===== DATA SUPPLIED

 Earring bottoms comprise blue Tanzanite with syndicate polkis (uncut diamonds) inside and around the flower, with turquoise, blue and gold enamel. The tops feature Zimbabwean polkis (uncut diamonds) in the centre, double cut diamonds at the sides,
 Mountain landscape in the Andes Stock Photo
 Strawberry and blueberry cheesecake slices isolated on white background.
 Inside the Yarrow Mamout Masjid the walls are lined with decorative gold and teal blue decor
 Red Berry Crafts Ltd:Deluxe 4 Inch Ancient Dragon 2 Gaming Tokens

==========

== ABOUT THIS EXERCISE ==
Please give the data again in full, exactly as written.

== OUTPUT ==
 Earring bottoms comprise blue Tanzanite with syndicate polkis (uncut diamonds) inside and around the flower, with turquoise, blue and gold enamel. The tops feature Zimbabwean polkis (uncut diamonds) in the centre, double cut diamonds at the sides,
 Mountain landscape in the Andes Stock Photo
 Strawberry and blueberry cheesecake slices isolated on white background.
 Inside the Yarrow Mamout Masjid the walls are lined with decorative gold and teal blue decor
 Red Berry Crafts Ltd:Deluxe 4 Inch Ancient Dragon 2 Gaming Tokens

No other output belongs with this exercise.